_Work request:_ Quote the listing below in its entirety, omitting every image.

BEGIN Raw data

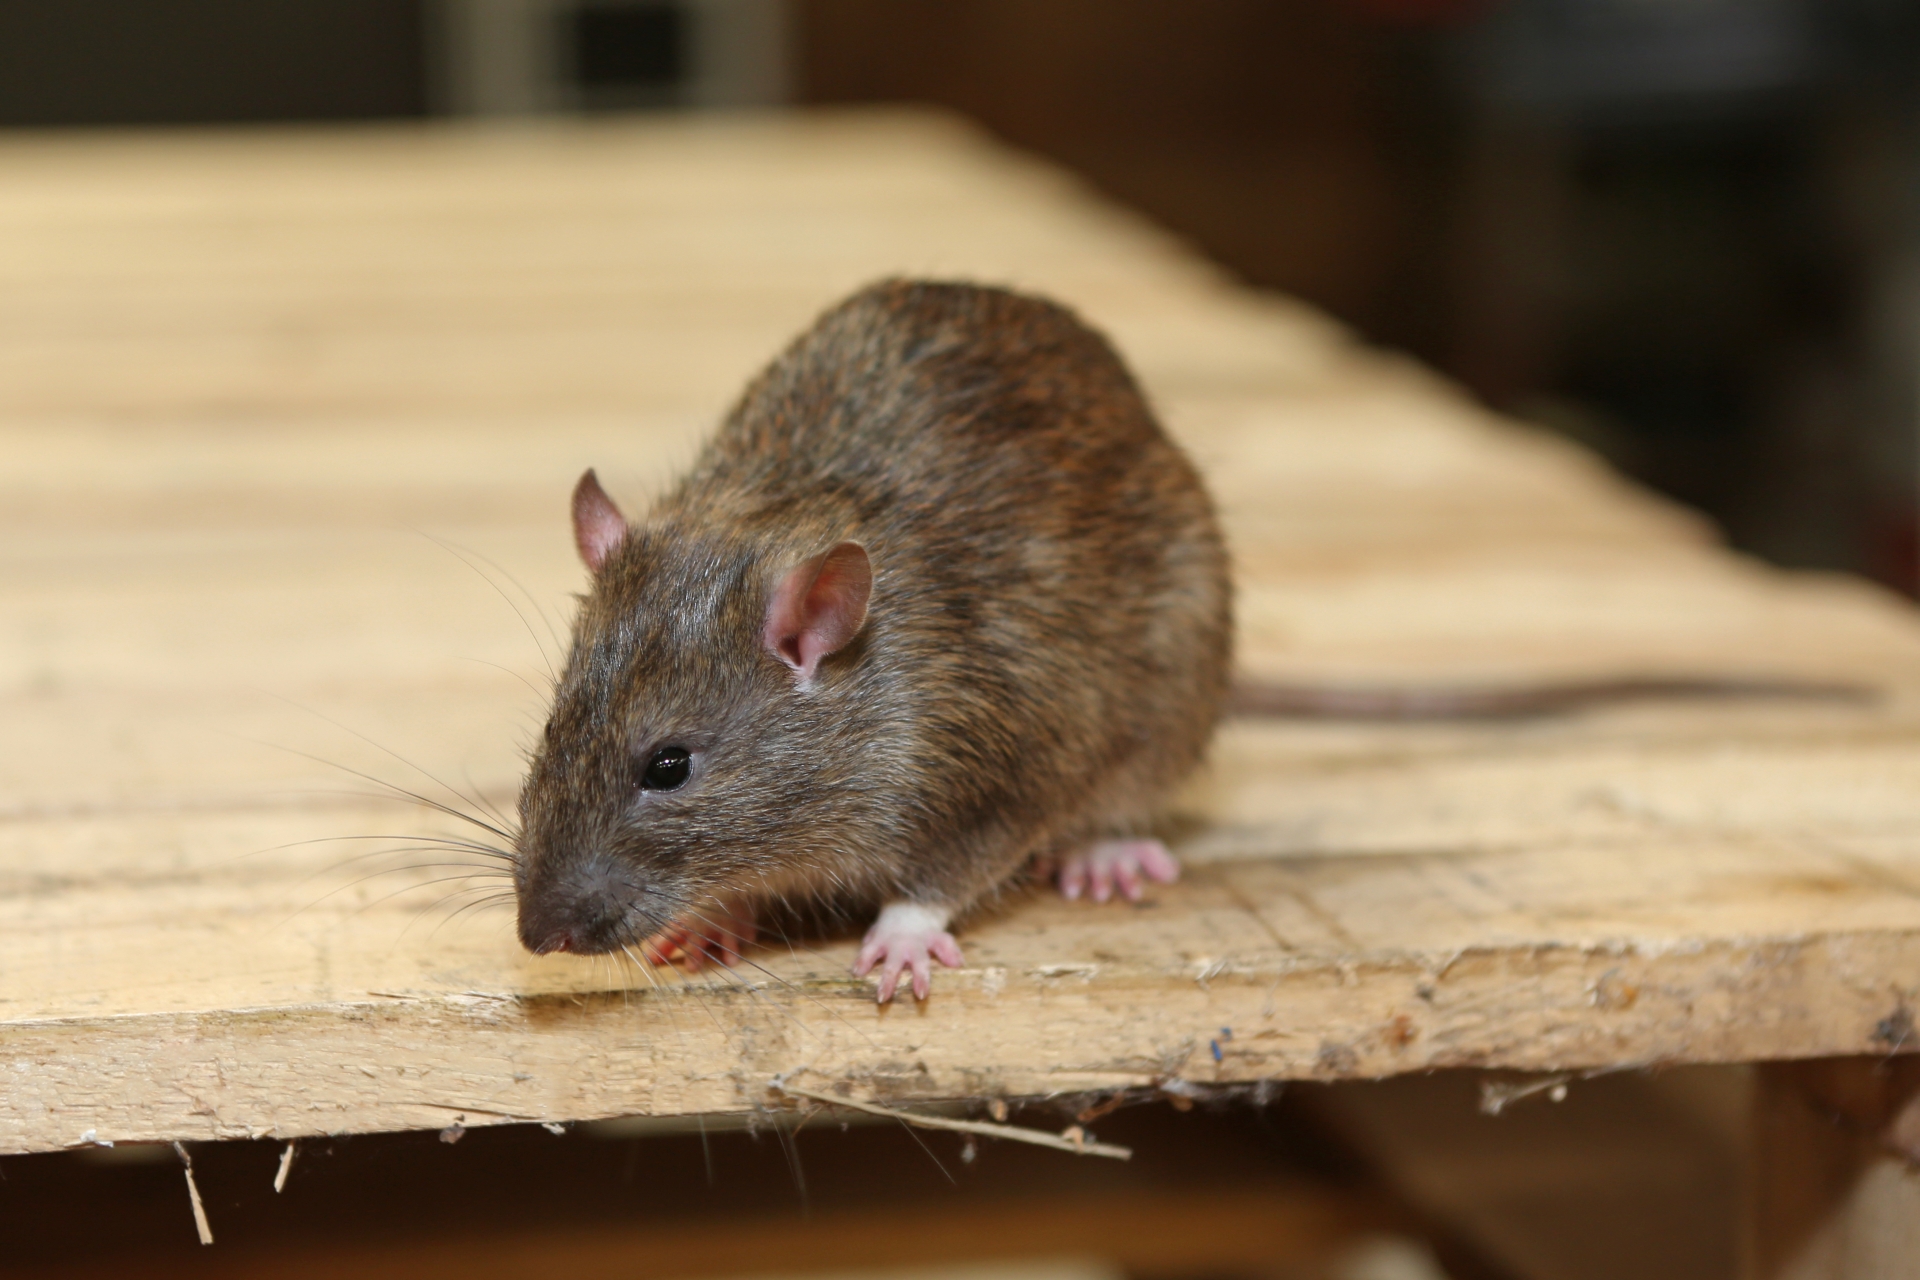 Rat extermination, Pest Control in Erith Marshes, DA18. Call Now 020 8166 9746
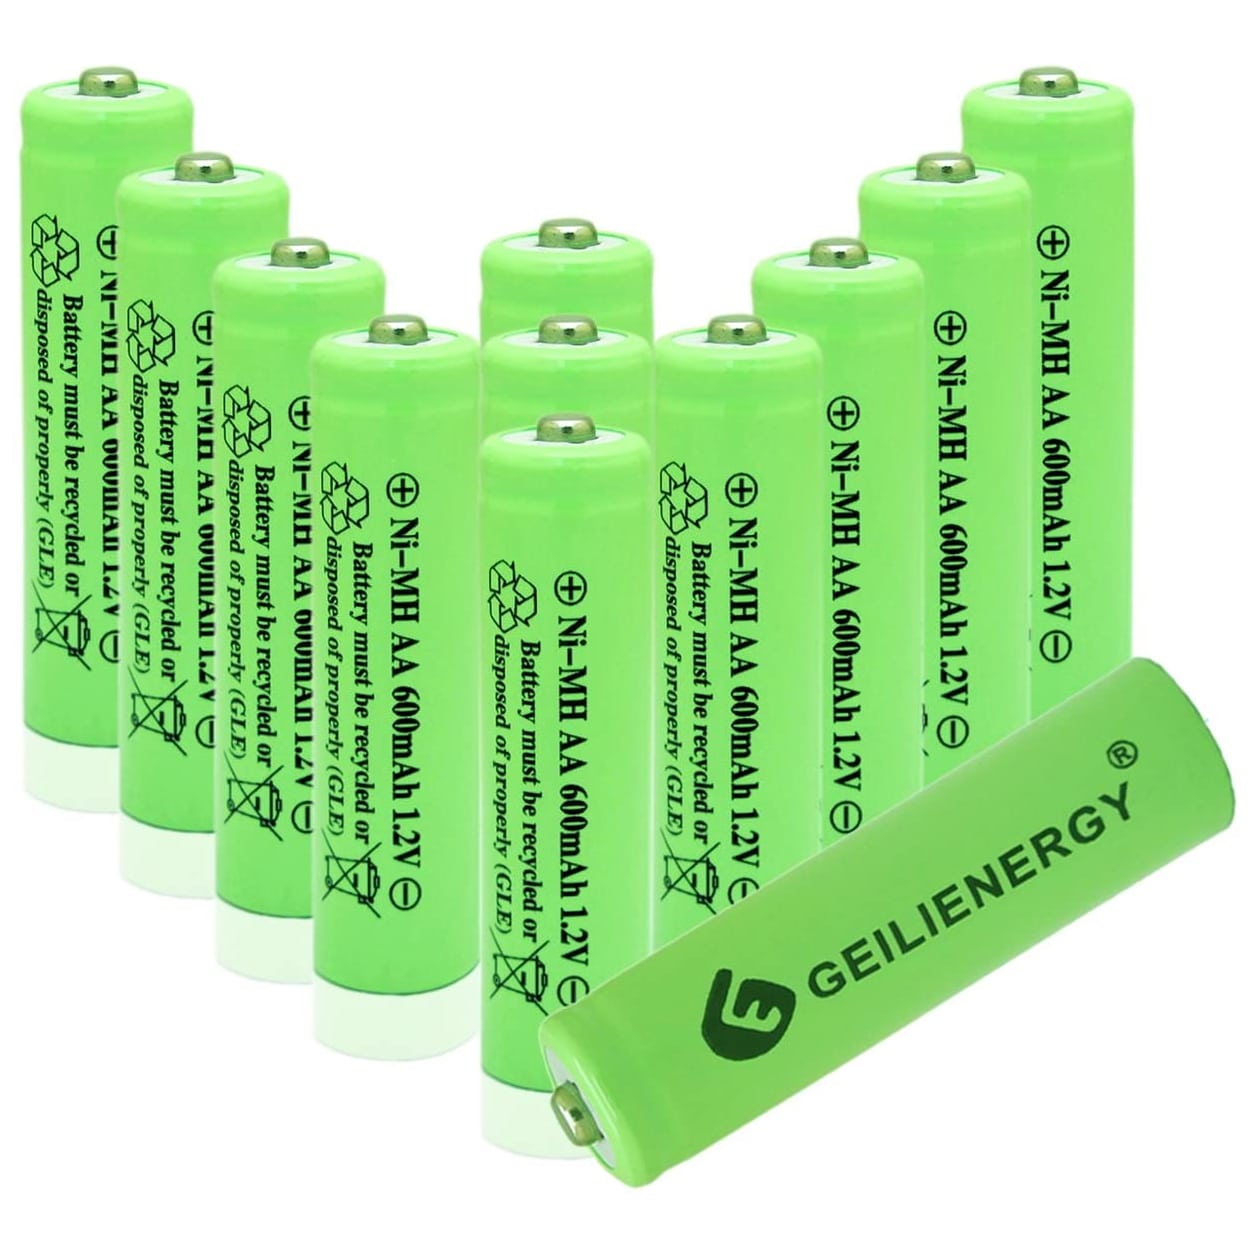 Geilienergy NiMH Rechargeable Batteries
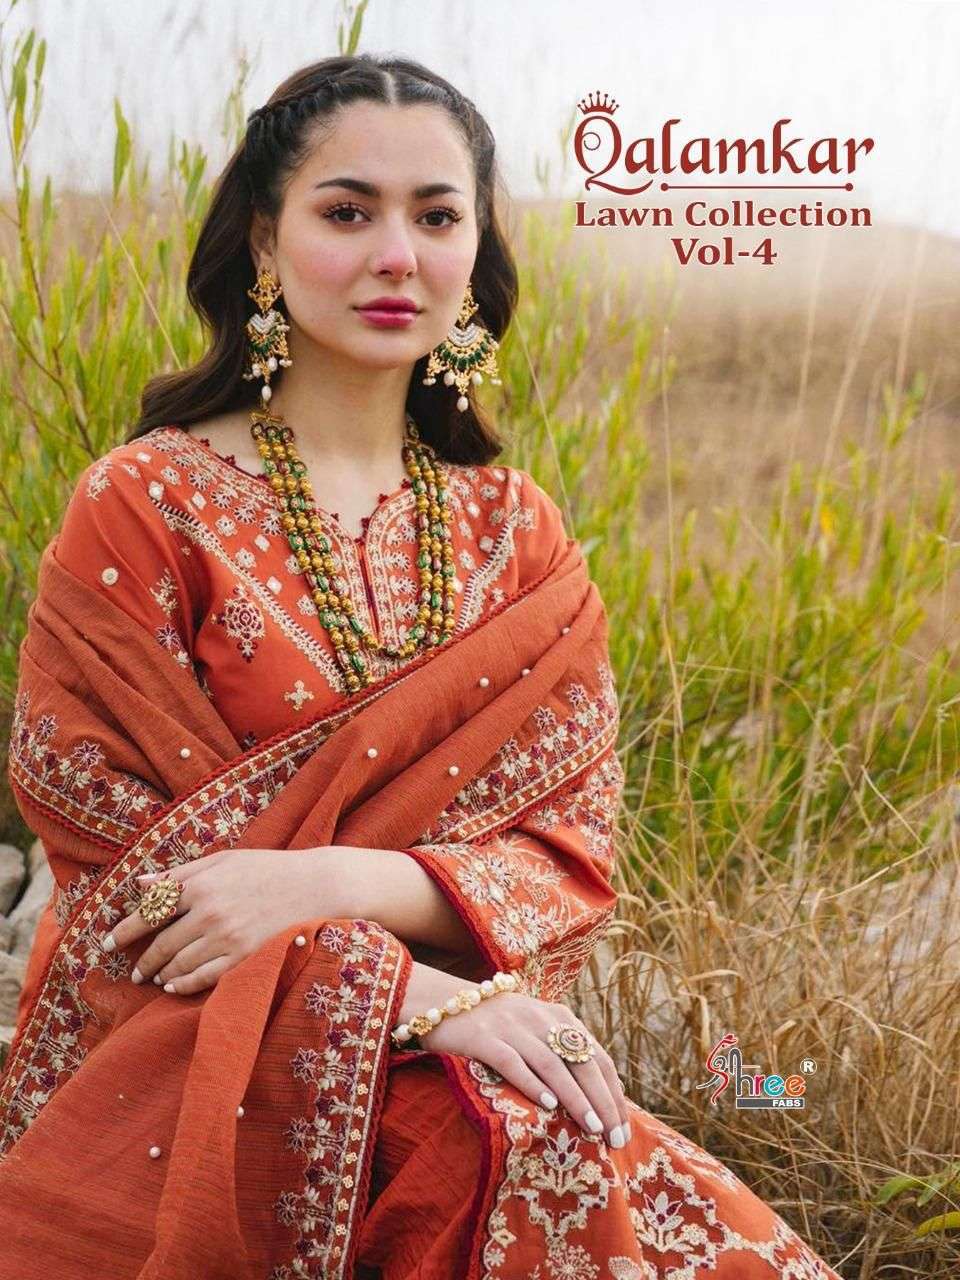 shree fabs qalamkar lawn collection vol 04 series 2246-2251 pure lawn cotton suit

END Raw data

_Completed exercise:_
 Rat extermination, Pest Control in Erith Marshes, DA18. Call Now 020 8166 9746
 Geilienergy NiMH Rechargeable Batteries
 shree fabs qalamkar lawn collection vol 04 series 2246-2251 pure lawn cotton suit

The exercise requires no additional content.